## Supplied material
##########

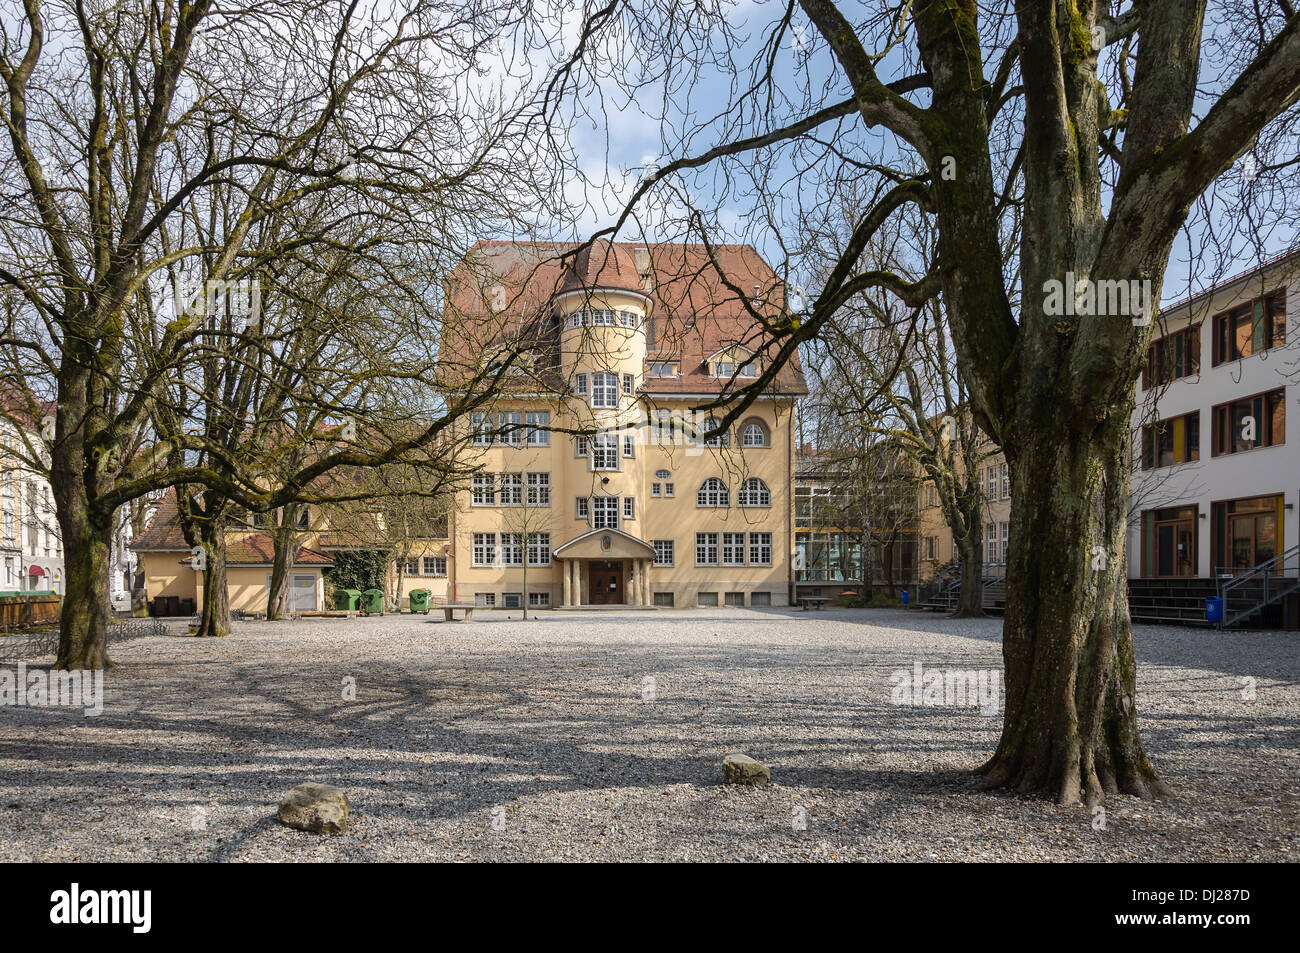 Konstanz, Germany: School house Stock Photo
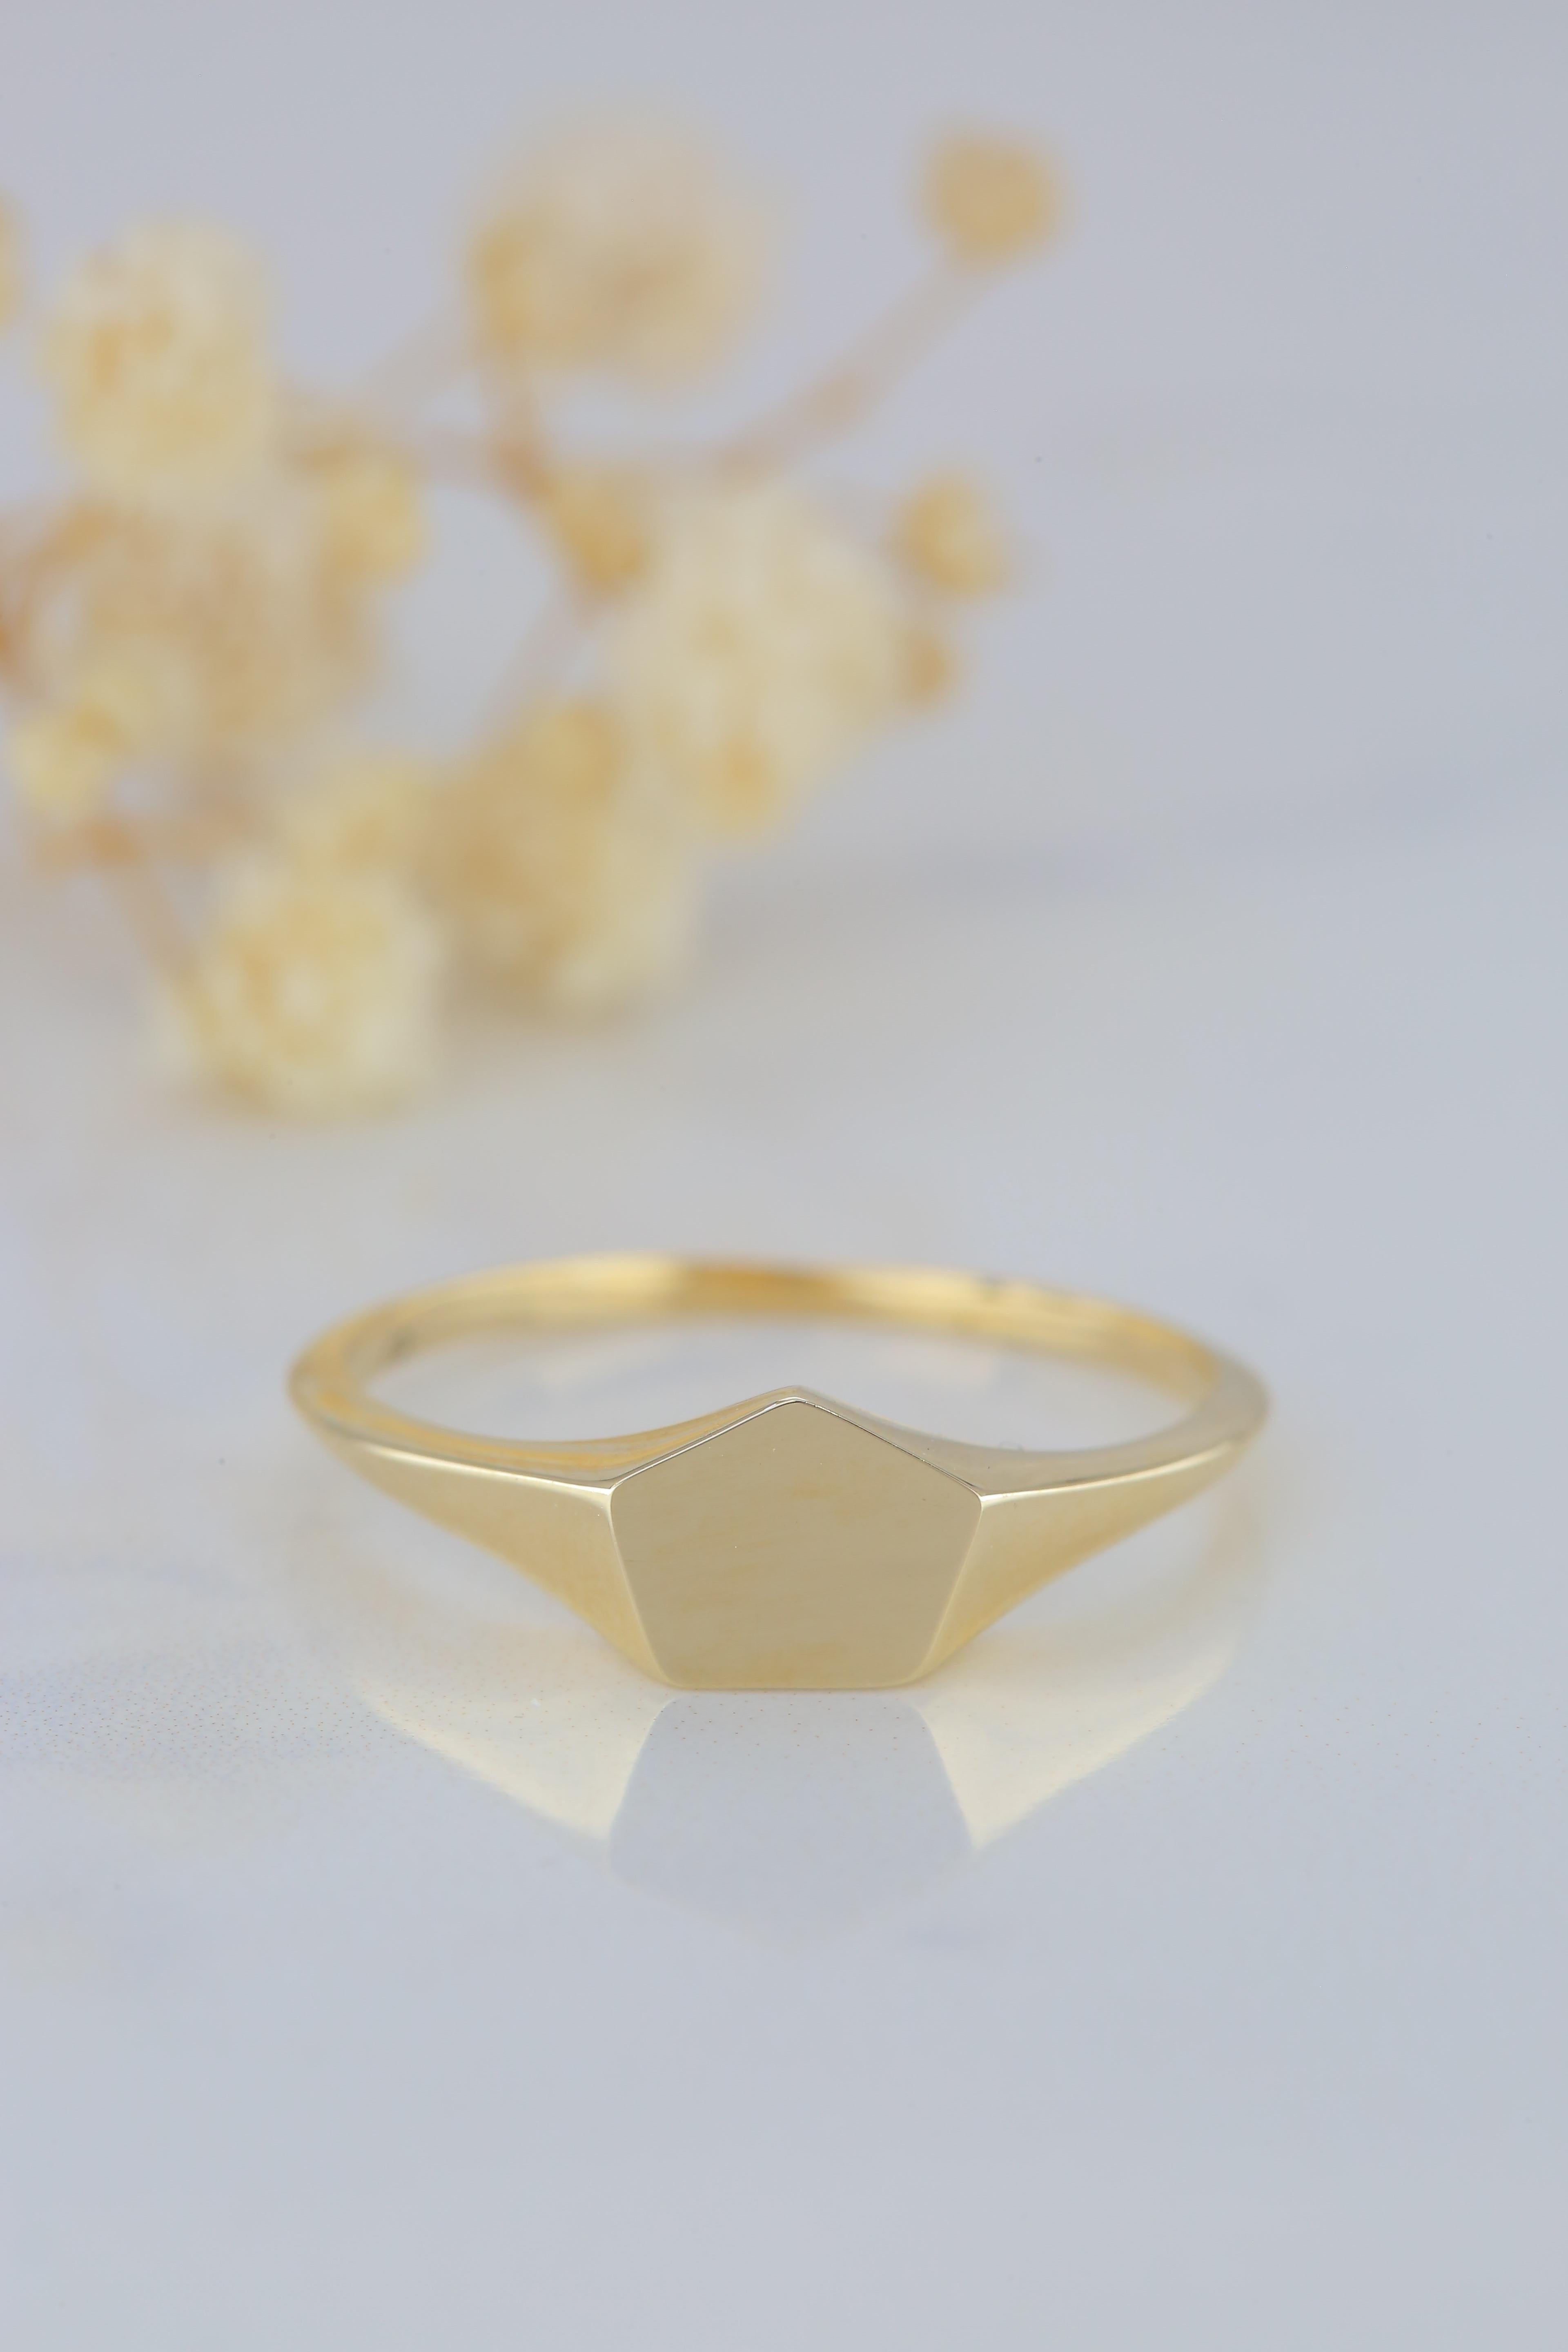 Im Angebot: Rosay Siegelring, 14K Gold Rosay Pentagon Siegelring, kleiner Pentagonal Ring () 5
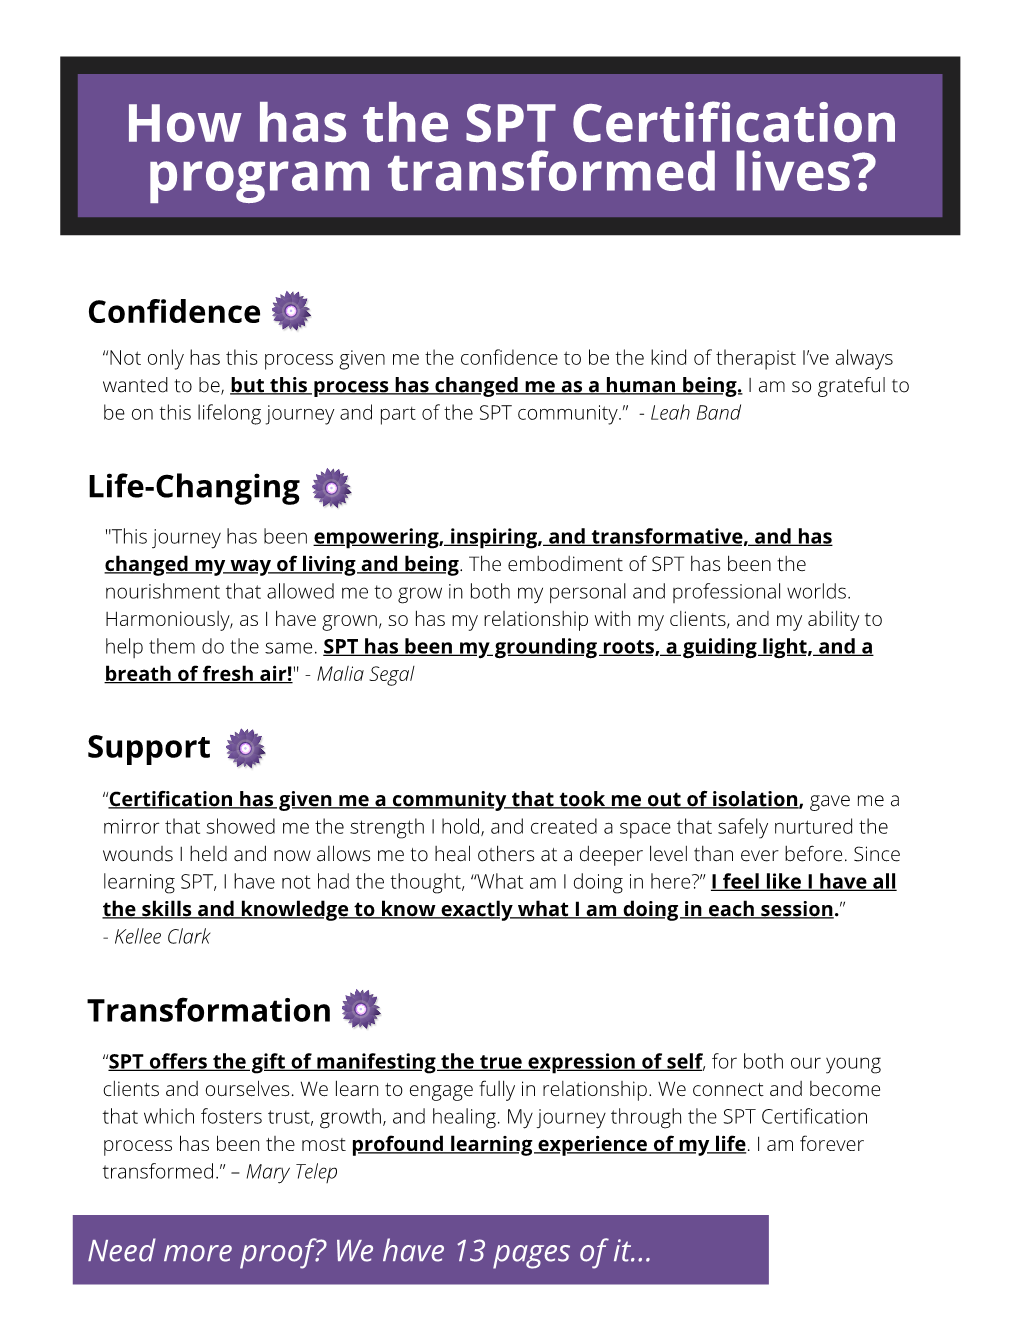 How Has the SPT Certification Program Transformed Lives?

##########

## Description of the task
Repeat verbatim all the material, but not the pictures.

## Result of this exercise
 Konstanz, Germany: School house Stock Photo
 Im Angebot: Rosay Siegelring, 14K Gold Rosay Pentagon Siegelring, kleiner Pentagonal Ring () 5
 How Has the SPT Certification Program Transformed Lives?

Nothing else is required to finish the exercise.